MYA590, is a Leyland Comet ECPO2/1R with a 29 seat body, built for Scarlet Pimpernel Coaches  in July 1950. The Comet was essentially an export truck chassis, and only very few became coaches. Unlike the other coaches featured here, the Comet has a separate bonnet with the engine ahead of the main body. This coach appeared in the BBC TV adaptation of the Agatha Christie ‘Miss Marple’ novel Nemesis, starring Joan Hickson, dating from 1987. The coach appears in the cream/blue livery with ‘Historic Homes & Gardens’ fleet name seen in the first photo, taken in August 1986.  It has subsequently been restored in Scarlet Pimpernel livery in which it is seen at the London Bus Museum’s Spring Gathering show in April 2016.

MYA590 in the BBC TV adaptation of the Agatha Christie ‘Miss Marple’ novel Nemesis

HVJ583 Leyland Tiger PS2/3 with 35 seat body joined  Wye Valley Coaches, owned by WE Morgan,  in May 1951. It  remained in service with Wye Valley until February 1972, when it was saved for preservation. It is seen here at the first  Harrington Gathering at the Chalk Pits Museum in June 1986, and was also captured at the second Harrington Gathering in June 1991.

DKT16 is shown here as a comparison to the standard coach built by Harrington. DKT16 is a Leyland Tiger TS7 32 seat coach, with body by Harrington in 1937. It was operated by Maidstone & District from new until 1968. It is a  typical 1930s  luxury coach with full length roof luggage rack/rowing scull carrier. Note the rear window arrangement without the dorsal fin. It is seen here at the HCVS London to Brighton Run in May 1981.


Web site:

A web site devoted to the products of Thomas Harrington.


BBC TV adaptation of Agatha Christie’s  Miss Marple novel Nemesis starring Joan Hickson, filmed in 1987. Featuring Leyland Comet MYA590.

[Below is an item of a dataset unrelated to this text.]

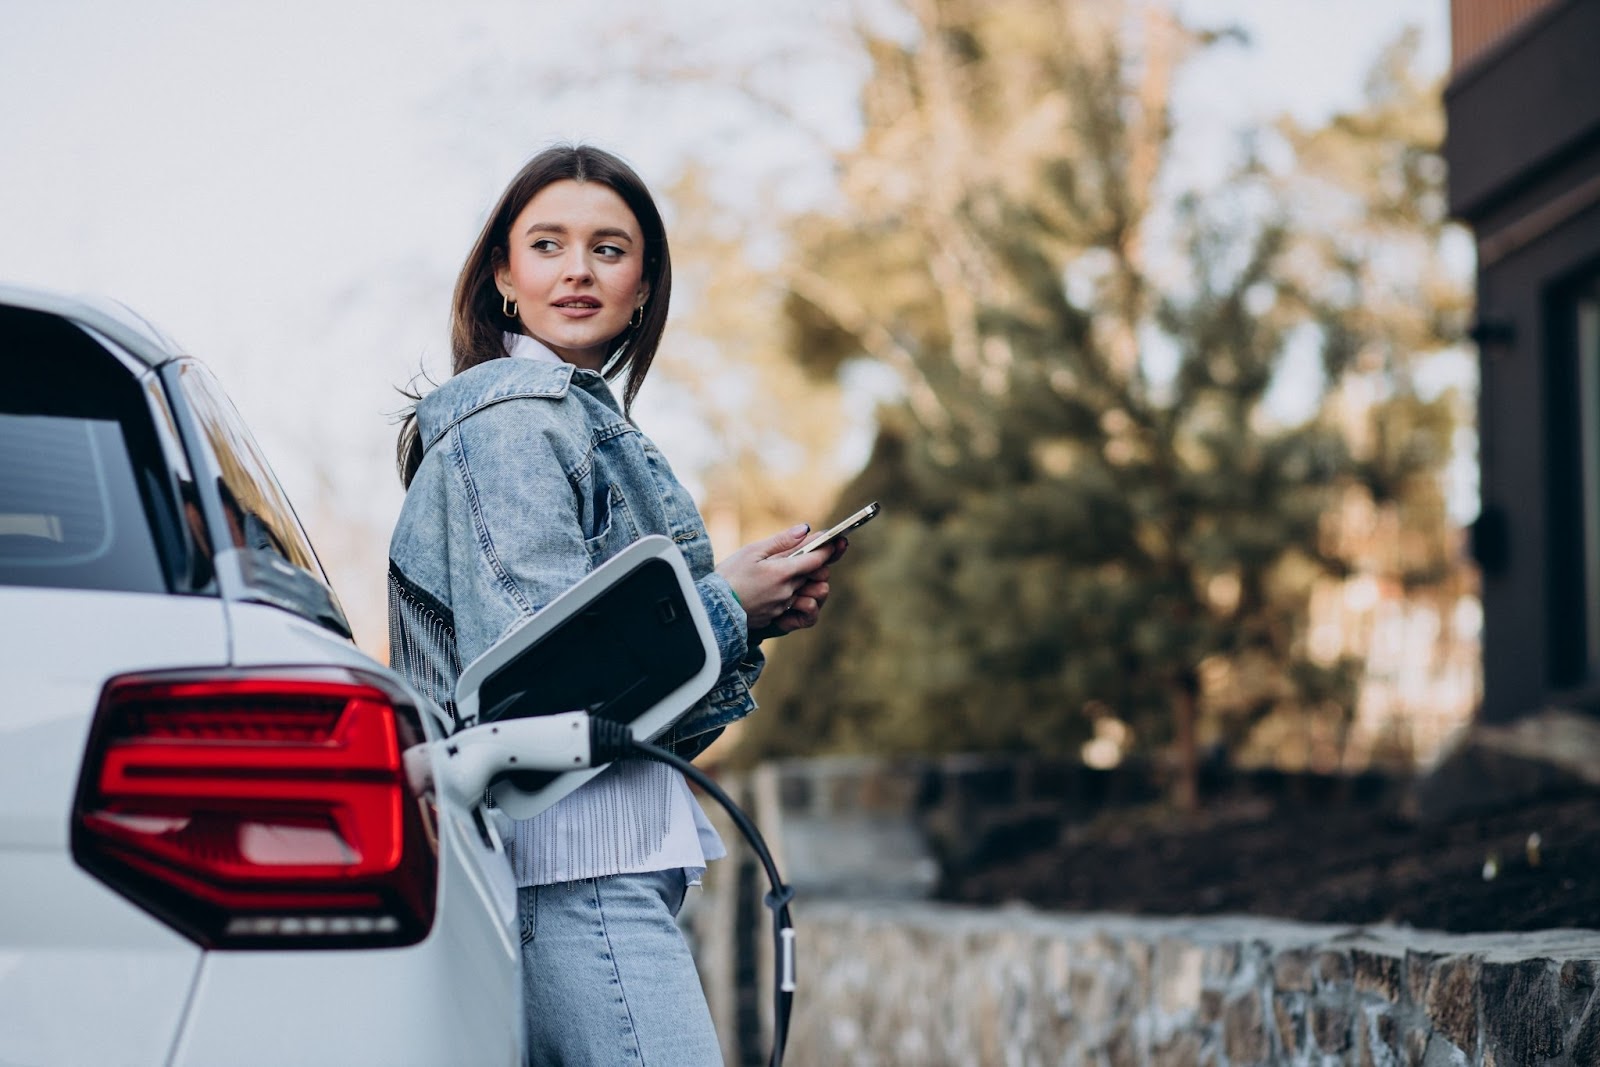 Mulher que sabe como funciona um carro elétrico, aguardando ao lado de seu veículo enquanto aguarda o processo de recarga. Ela está segurando um celular e olhando para o horizonte.

Band of Thieves, (1962) starring Acker Bilk & his Paramount Jazz Band, with cinematography by Nicholas Roeg. Features a 1950 Leyland Tiger with Harrington dorsal fin body LUW61. After their release, a band of convicts goes on tour as a cover for a string of robberies. Has a great soundtrack of Trad Jazz music.


B1001 Fleet List of Thomas Harrington, PSV Circle, May 2012. ISBN 978-1-908953-04-9. Detailed history of the company, plus lists of vehicles produced. Illustrated.

The British Bus Scene in the 1930s,  David Kaye; Ian Allan 1981. ISBN  0 7110 1137 0. Although this book consists predominantly of photographs of buses, there are also some great street scenes.

Add in a snap from this site

3 thoughts on “Dorsal – An introduction to Thomas Harrington Ltd’s streamline coaches of 1930s.

  1. I was delighted to read this article and the link to the Harringtons website as my dad worked at the factory in Hove from his apprenticeship at 15 in 1947 till its closure in 1965/6. What a small world that my joining the Art Deco Soc would bring me back to my dad. 😊

    Liked by 1 person

    1. Thanks for your comment Karen, what a small world indeed! I’ll pass your message on to Paul. 🙂


  2. I was wondering if it’s possible to see the black bus in the tv series Foyle’s war episode all clear. Love these old buses so much caricature.